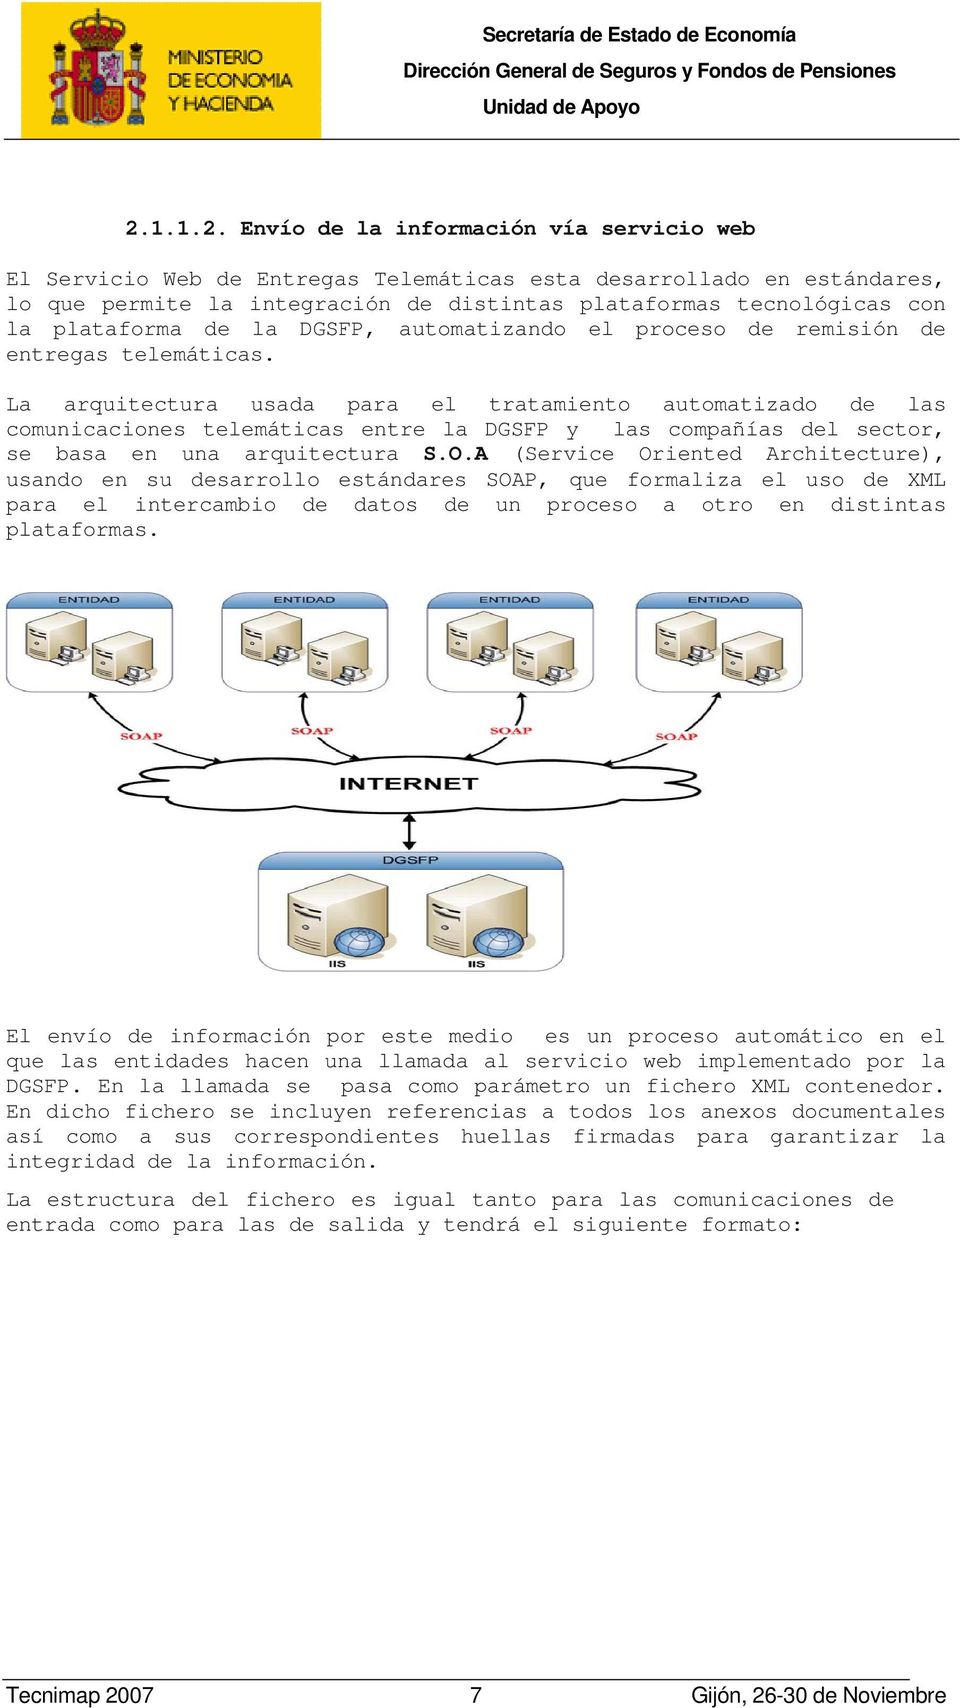 La arquitectura usada para el tratamiento automatizado de las comunicaciones telemáticas entre la DGSFP y las compañías del sector, se basa en una arquitectura S.O.
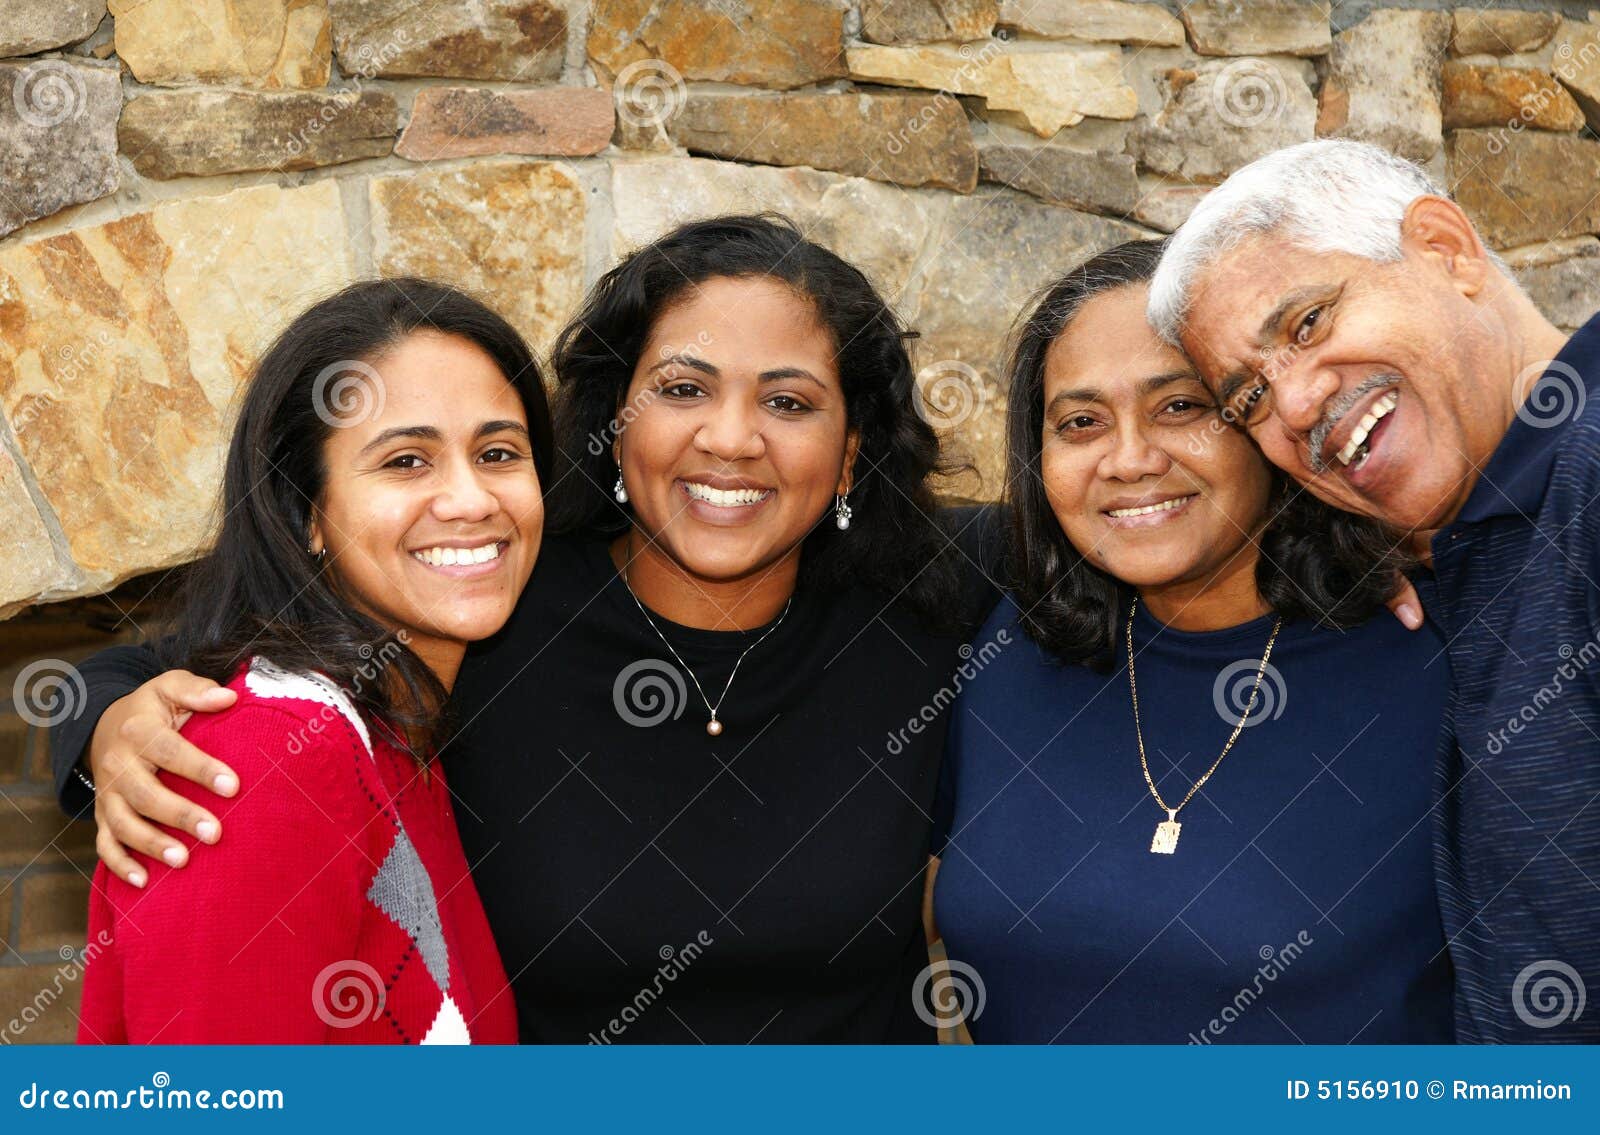 minority family
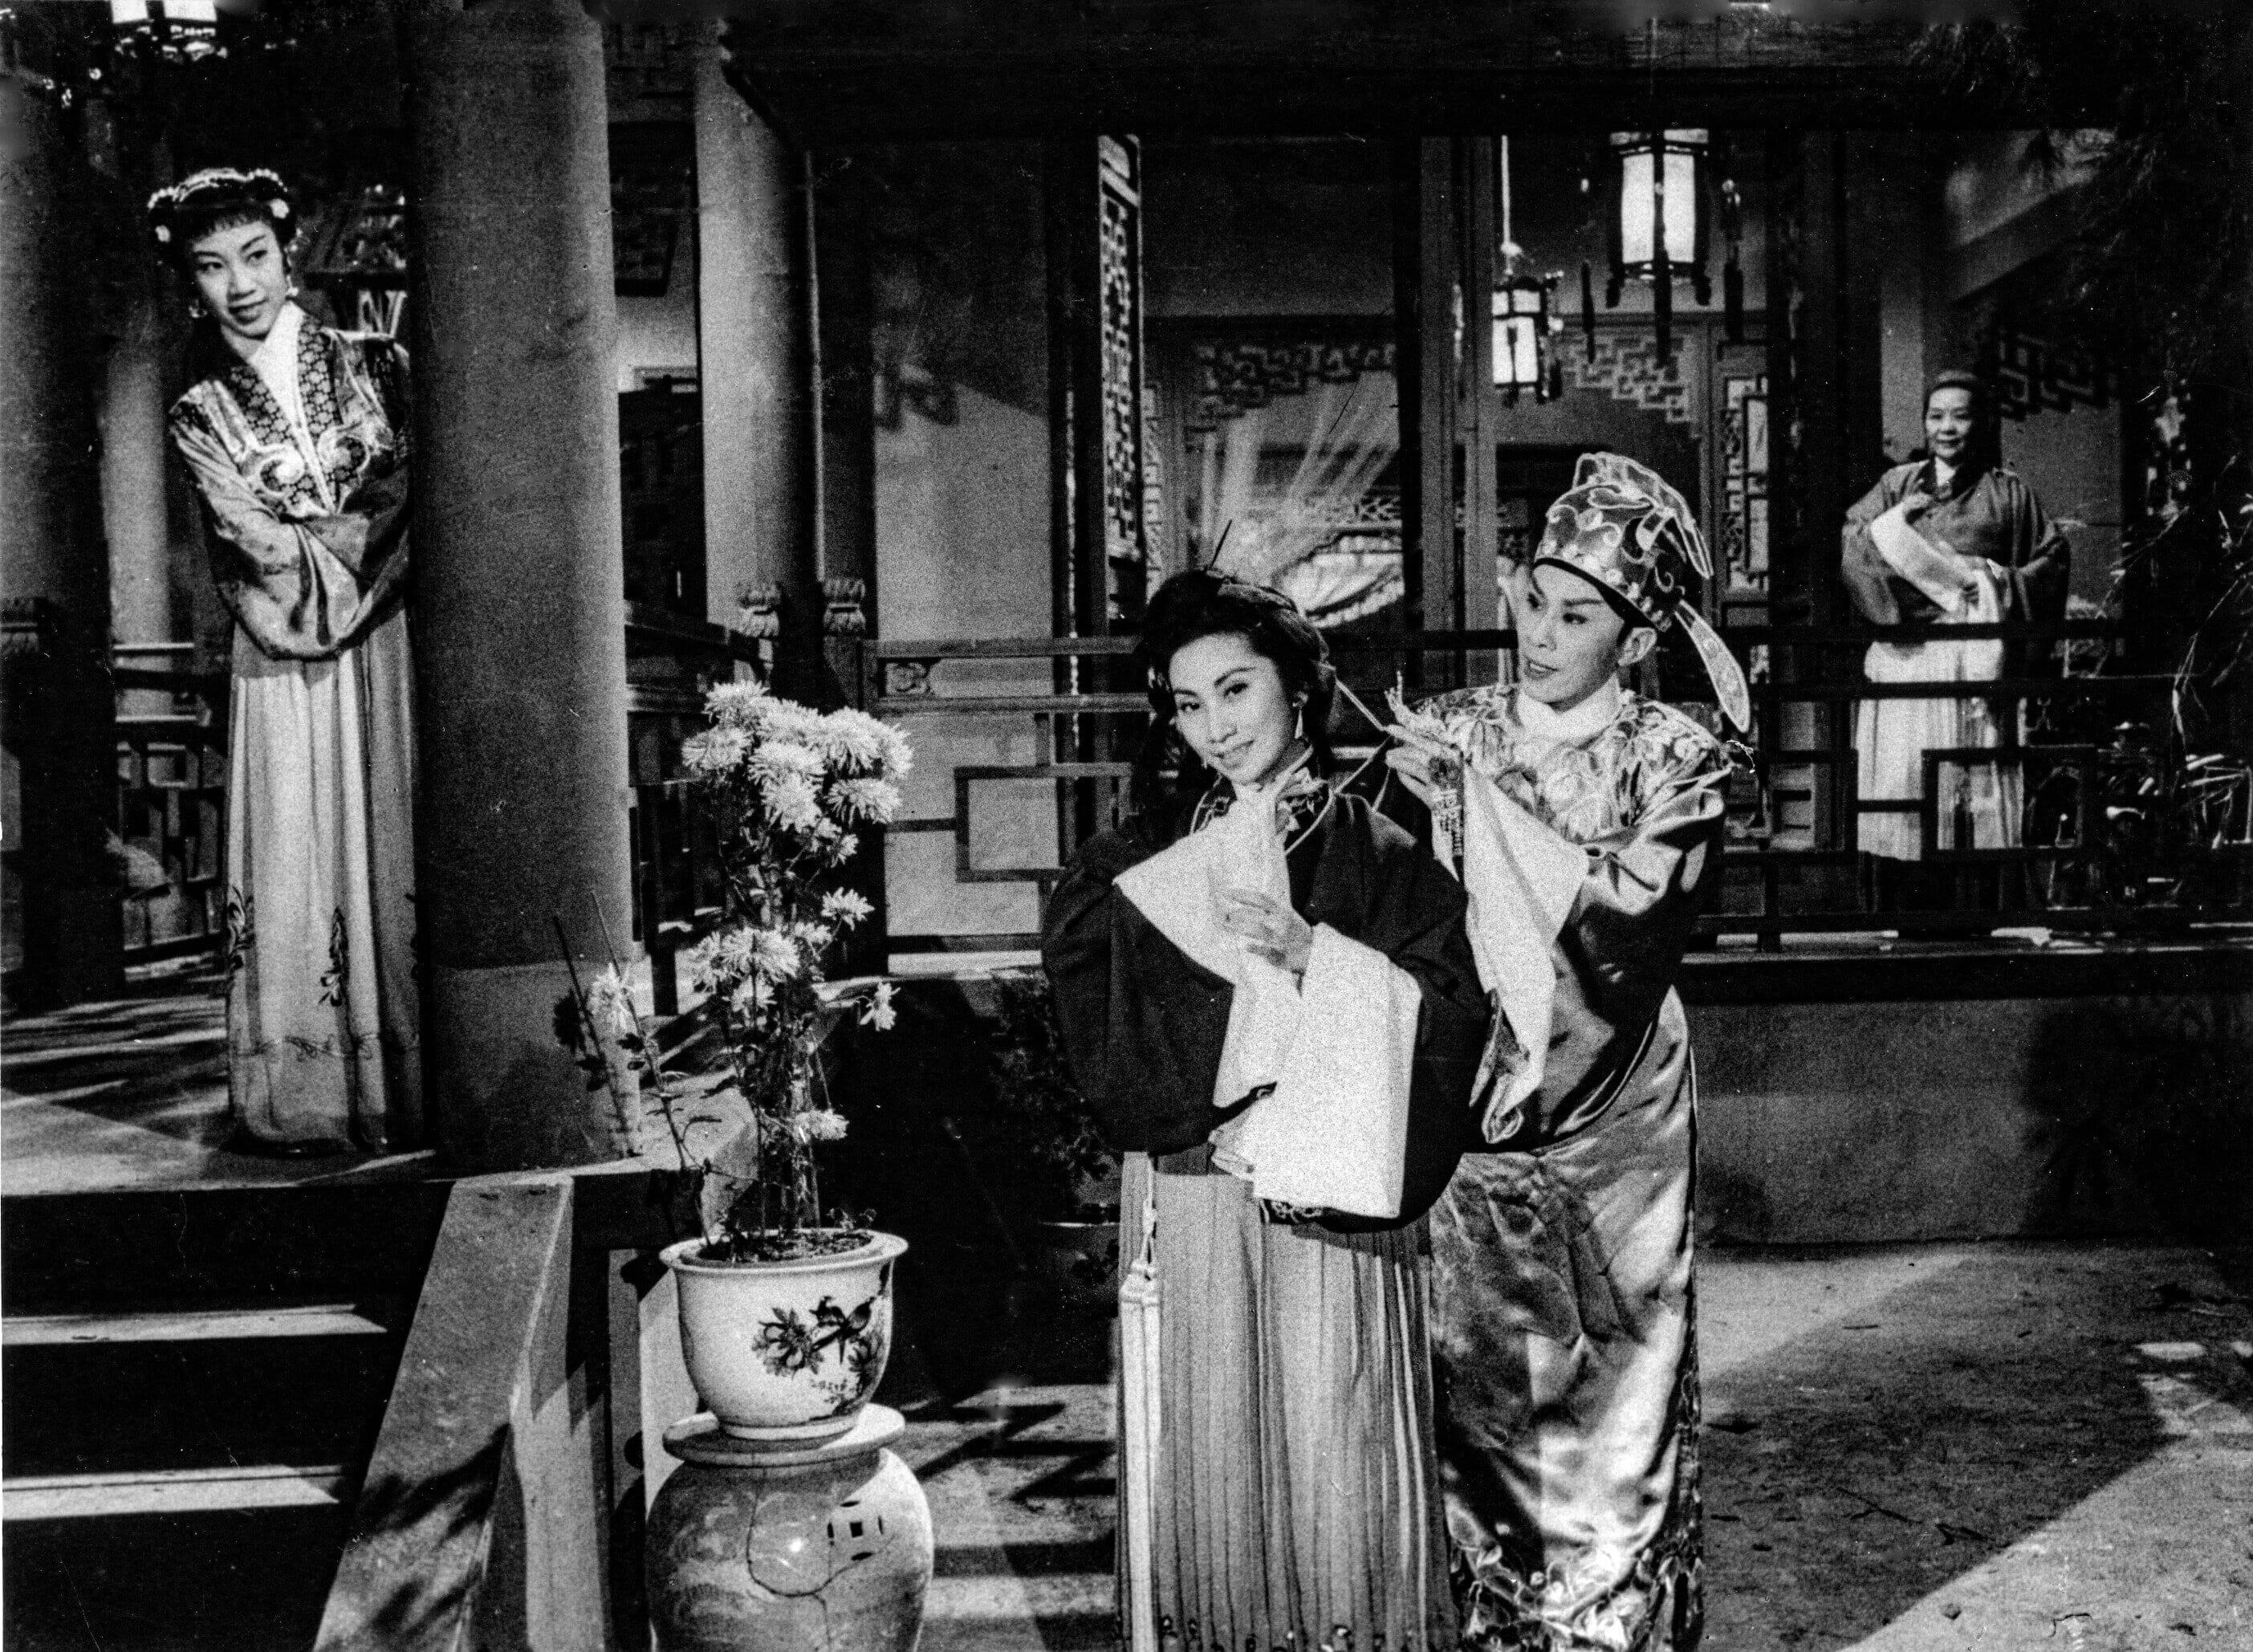 康乐及文化事务署香港电影资料馆（资料馆）七月举办「再看《紫钗》、《蝶影》、唐涤生」放映节目，放映粤剧大师唐涤生编剧的《紫钗记》（1959）和《蝶影红梨记》（1959）（修复版）。资料馆电影院将于七月一日（星期一）和七日（星期日）加场放映两部作品，让唐涤生笔下的中华文化瑰宝呈现于更多戏迷眼前。此放映节目为「中华文化节」节目之一。图示《紫钗记》剧照。

• _Activity_:
When repeating the listing, keep each line exact and exclude the pictures.

• _Task response_:
 La arquitectura usada para el tratamiento automatizado de las comunicaciones telemáticas entre la DGSFP y las compañías del sector, se basa en una arquitectura S.O.
 minority family
 康乐及文化事务署香港电影资料馆（资料馆）七月举办「再看《紫钗》、《蝶影》、唐涤生」放映节目，放映粤剧大师唐涤生编剧的《紫钗记》（1959）和《蝶影红梨记》（1959）（修复版）。资料馆电影院将于七月一日（星期一）和七日（星期日）加场放映两部作品，让唐涤生笔下的中华文化瑰宝呈现于更多戏迷眼前。此放映节目为「中华文化节」节目之一。图示《紫钗记》剧照。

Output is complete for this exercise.